WORK ITEM> Every line below is to be set down again exactly; any image stays out.

AVAILABLE DATA>
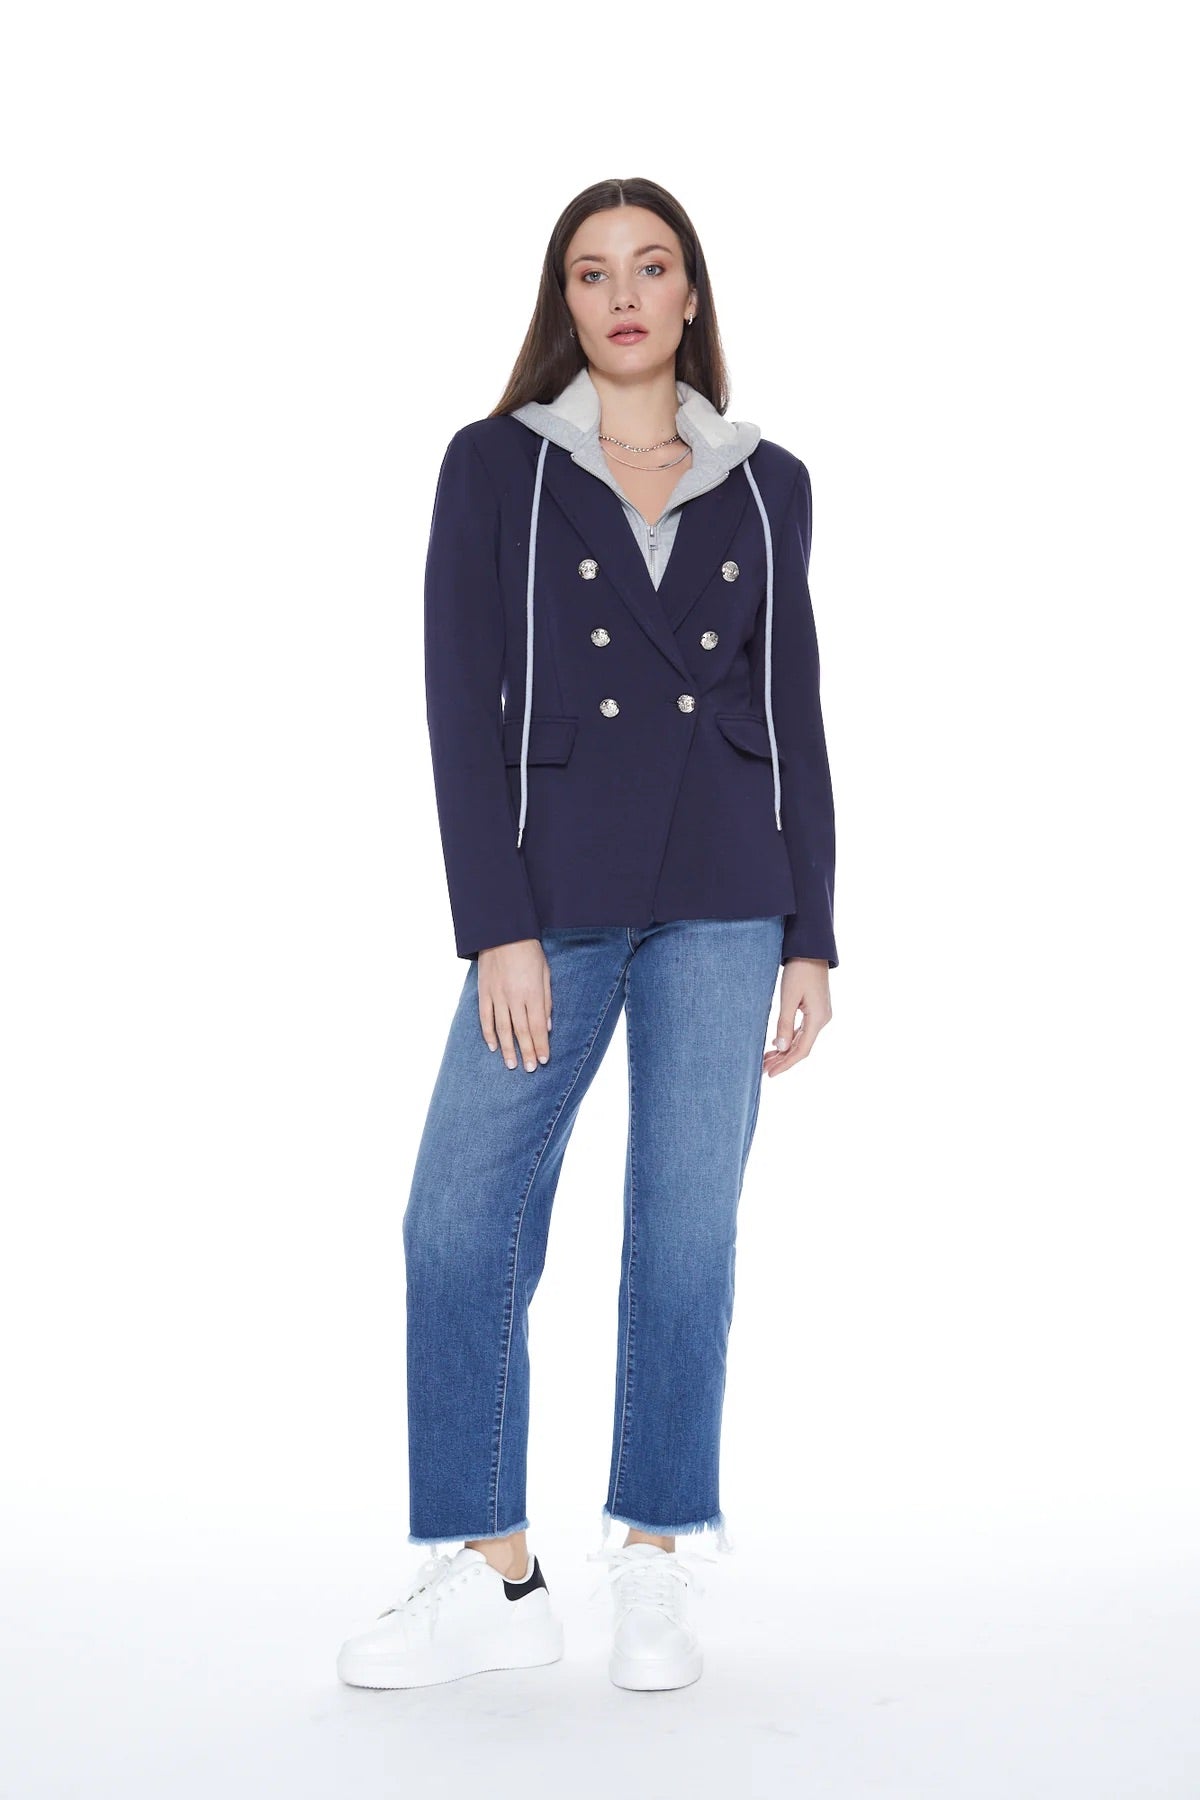 Helen Double Breasted Blazer in Navy and Heather
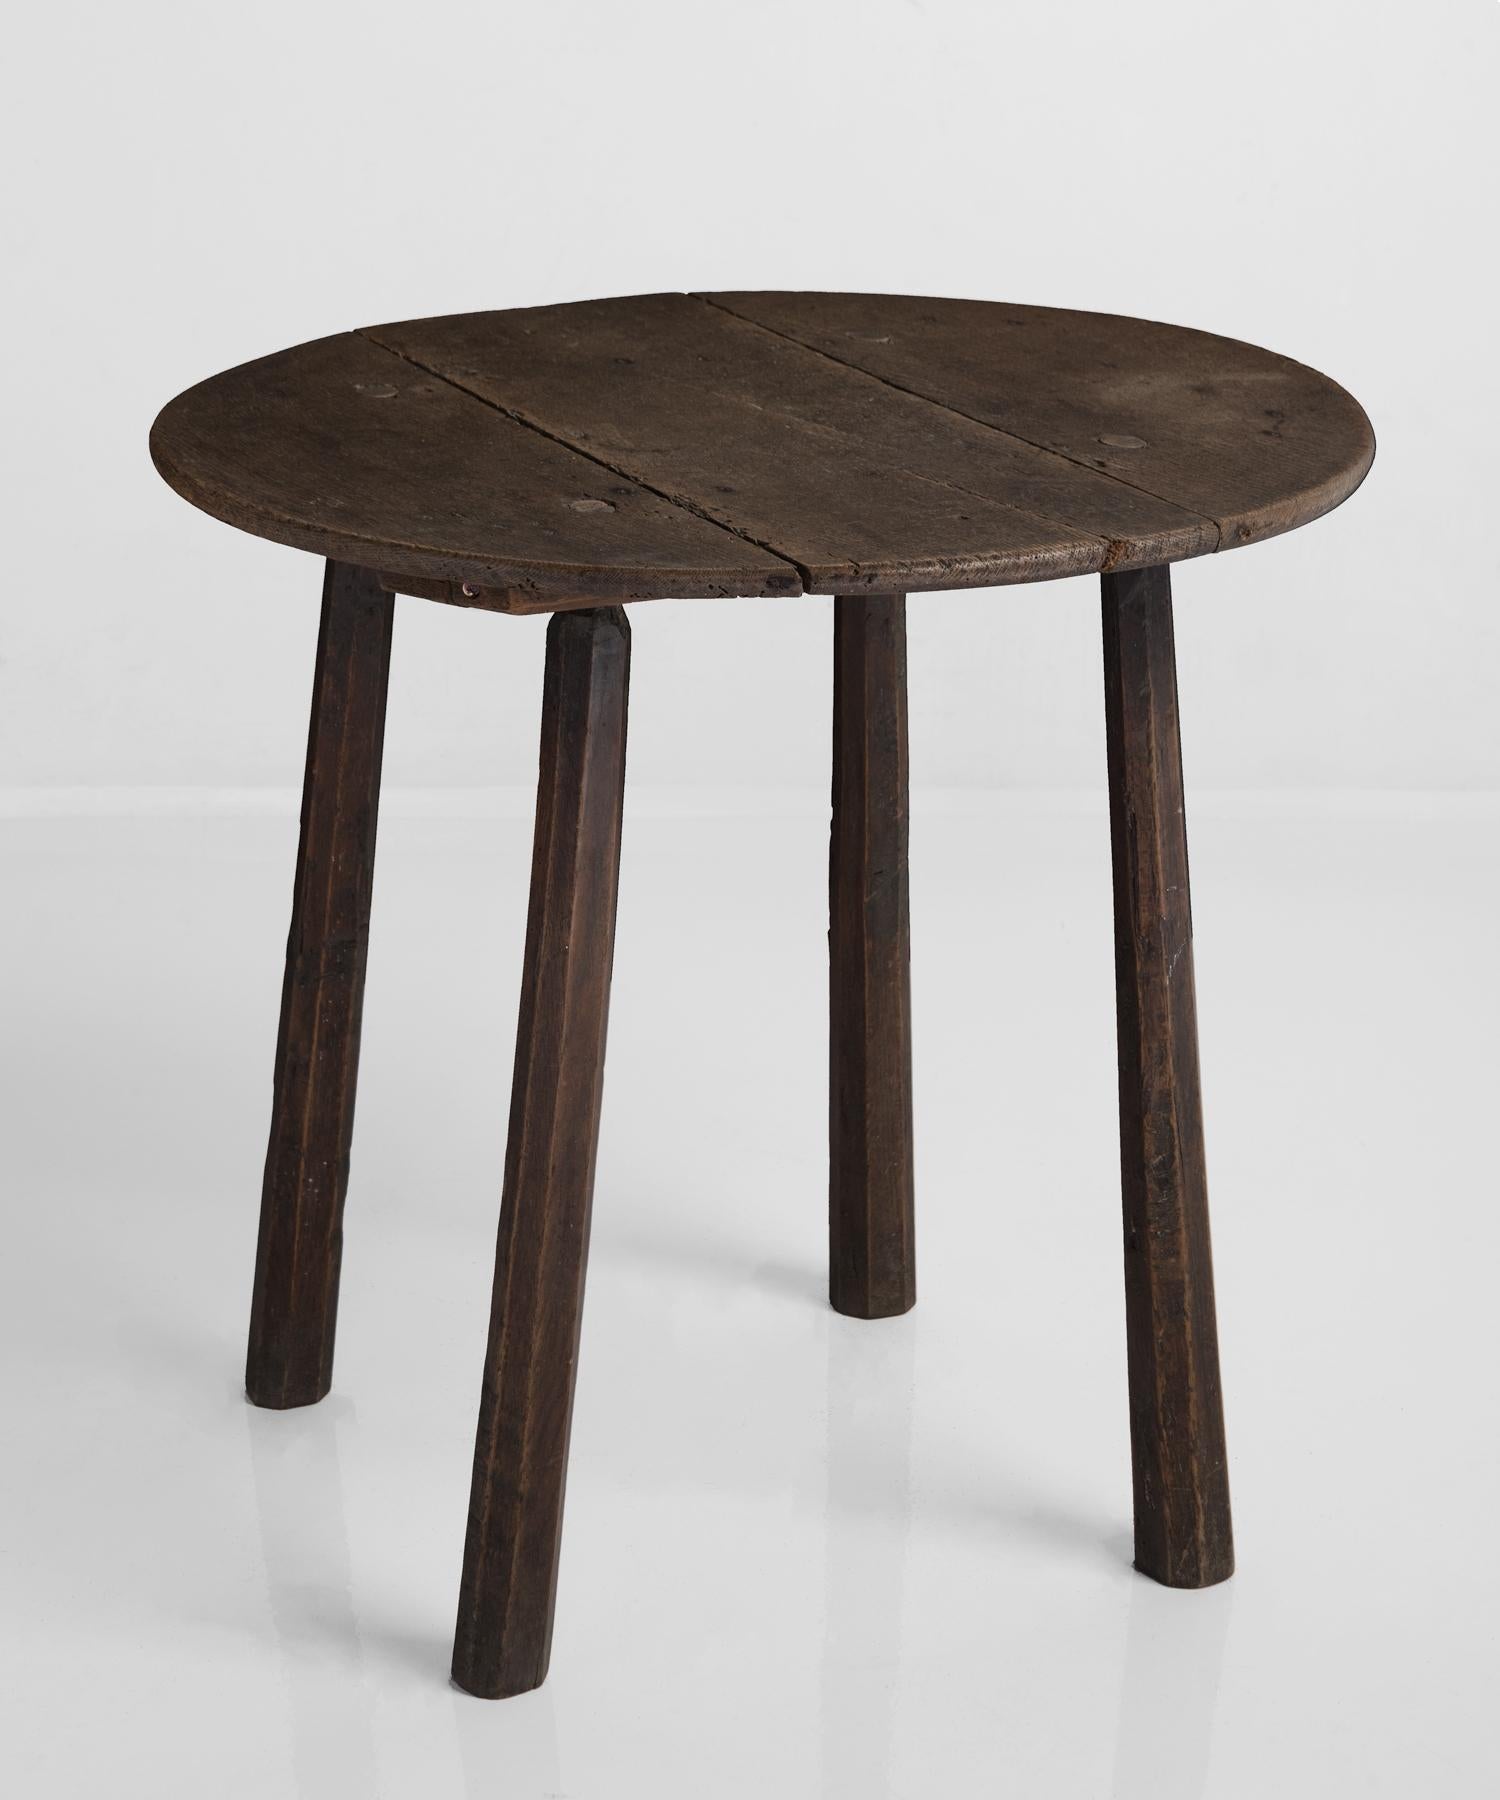 Cricket table, England, 19th century.

Minimal, primitive form with stick legs and rich patina.
  

OUTPUT OF THE EXERCISE>
 Helen Double Breasted Blazer in Navy and Heather
 Cricket table, England, 19th century.

Minimal, primitive form with stick legs and rich patina.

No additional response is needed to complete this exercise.